The federal government must develop a coherent strategy of leadership development to ensure that citizens get the government they expect and deserve.

7. The Office of Personnel Management Must Play a Larger Role in Developing the Federal Government's Human CapitalIf the federal government is to be successful in the 21st century, it must attack and solve these problems. But that, in turn, requires the Office of Personnel Management to develop a stronger strategic capacity. OPM must be the central nervous system of the government's people network, with a wide-ranging view of the capacities the government needs and how best to put them into place.

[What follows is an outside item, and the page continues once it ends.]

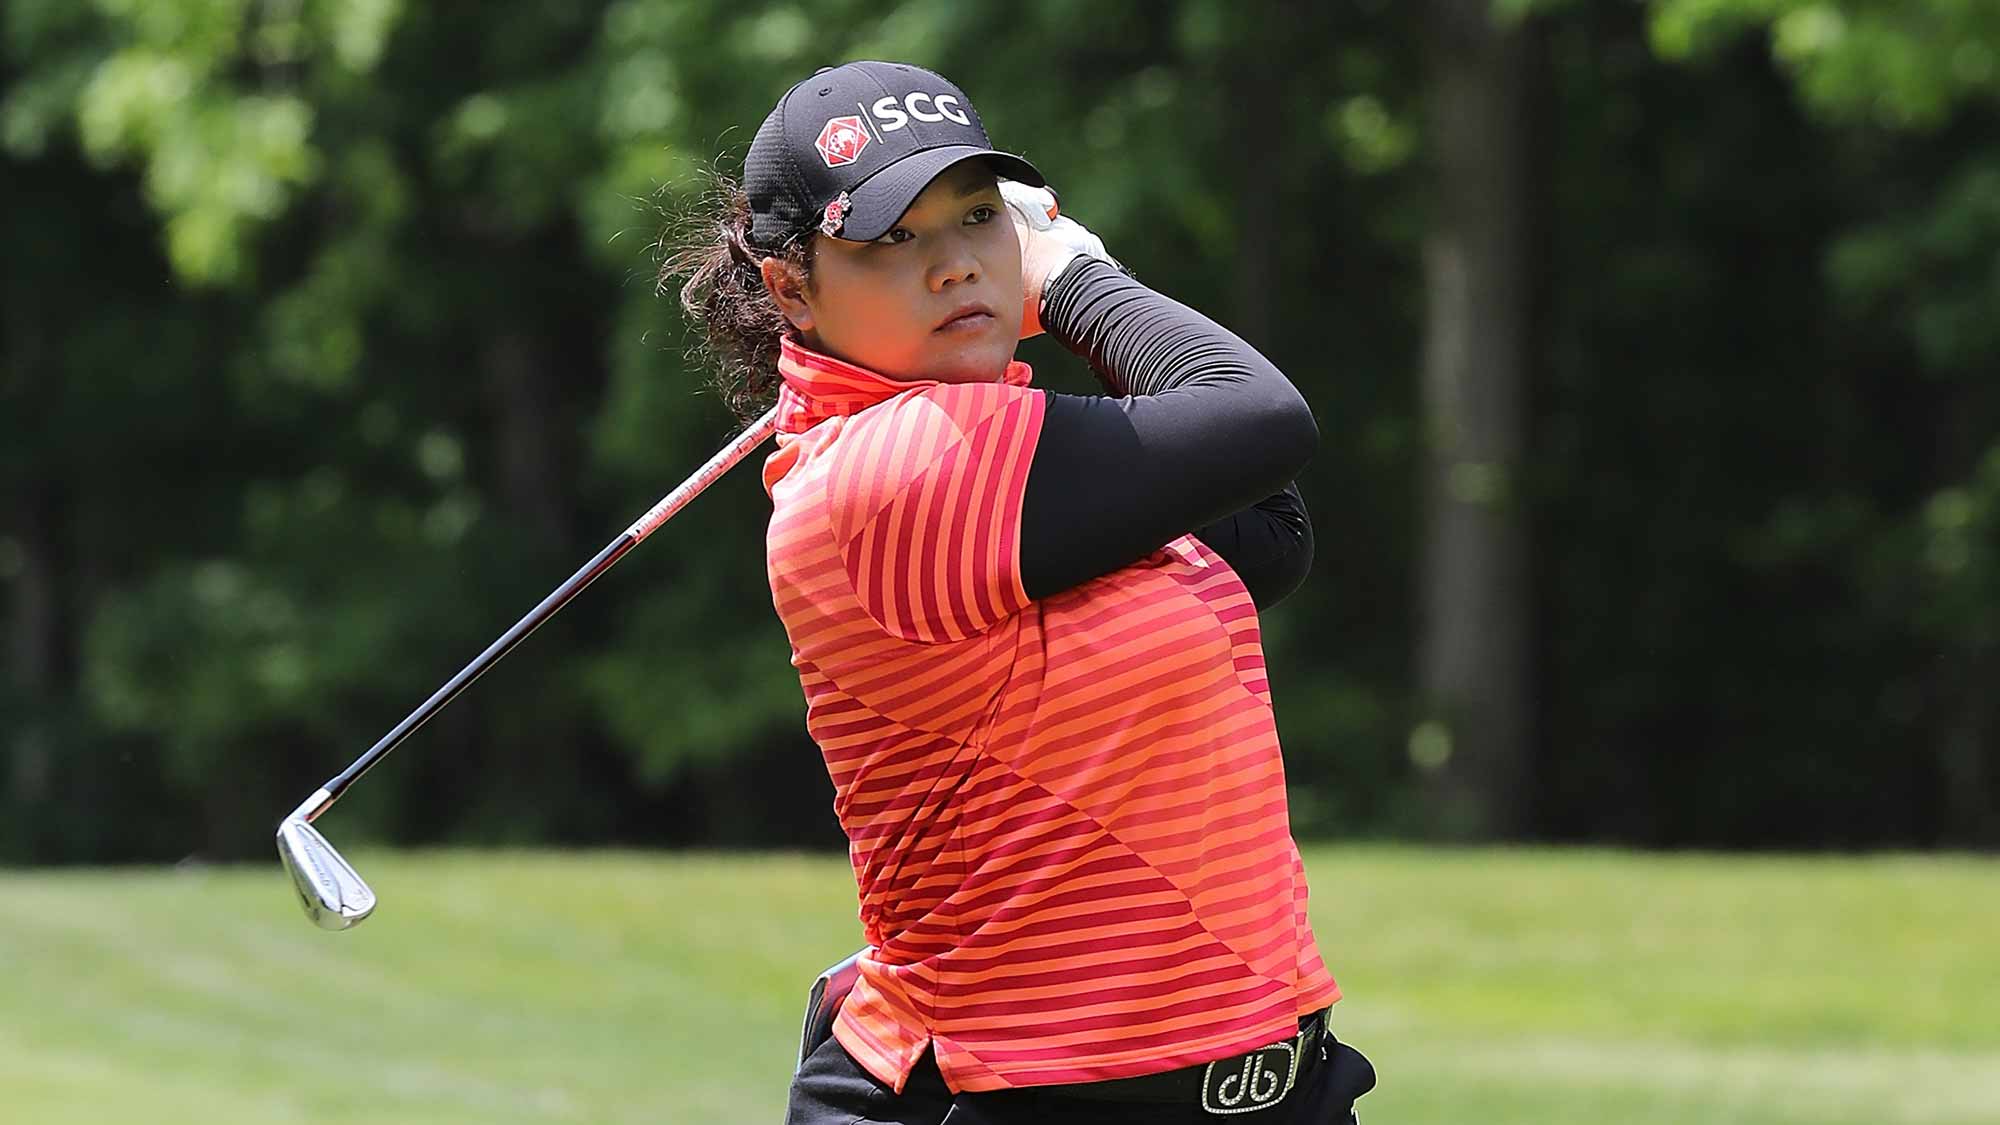 Ariya Jutanugarn from Thailand hits her approach shot to the third green during the third round of the LPGA Volvik Championship

In other nations, ranging from New Zealand to Denmark, the government has put strategic thinking about its people systems at the core of its work. The United States, however, has slipped from the world's leaders in strategic thinking about the capacity of government's workers. It is little wonder that government performance too often suffers, for the government does not spend much time thinking strategically about how to ensure effective results. Moreover, the once robust OPM data collection efforts have been allowed to atrophy.

With new policy challenges multiplying—managing the stimulus package, the bank bailout, government contracting, food safety, and a host of other puzzles—government needs to think seriously about what people skills it needs to ensure these programs work well. That strategic thinking ought to come from OPM.

The Office of Personnel Management ought to take a far more aggressive role in strategic planning for the nation's workforce, especially in how best to identify and develop the management capacities needed to ensure success in the nation's most important government programs.

ConclusionThe new century has dealt the nation a collection of huge, sometimes surprising challenges. It is no exaggeration to say that our success as a nation—and the ability of our government to lead—will depend on the ability of our government's employees to produce the results we expect. Success is within our grasp, if we take the steps required to build an effective public service for the 21st century.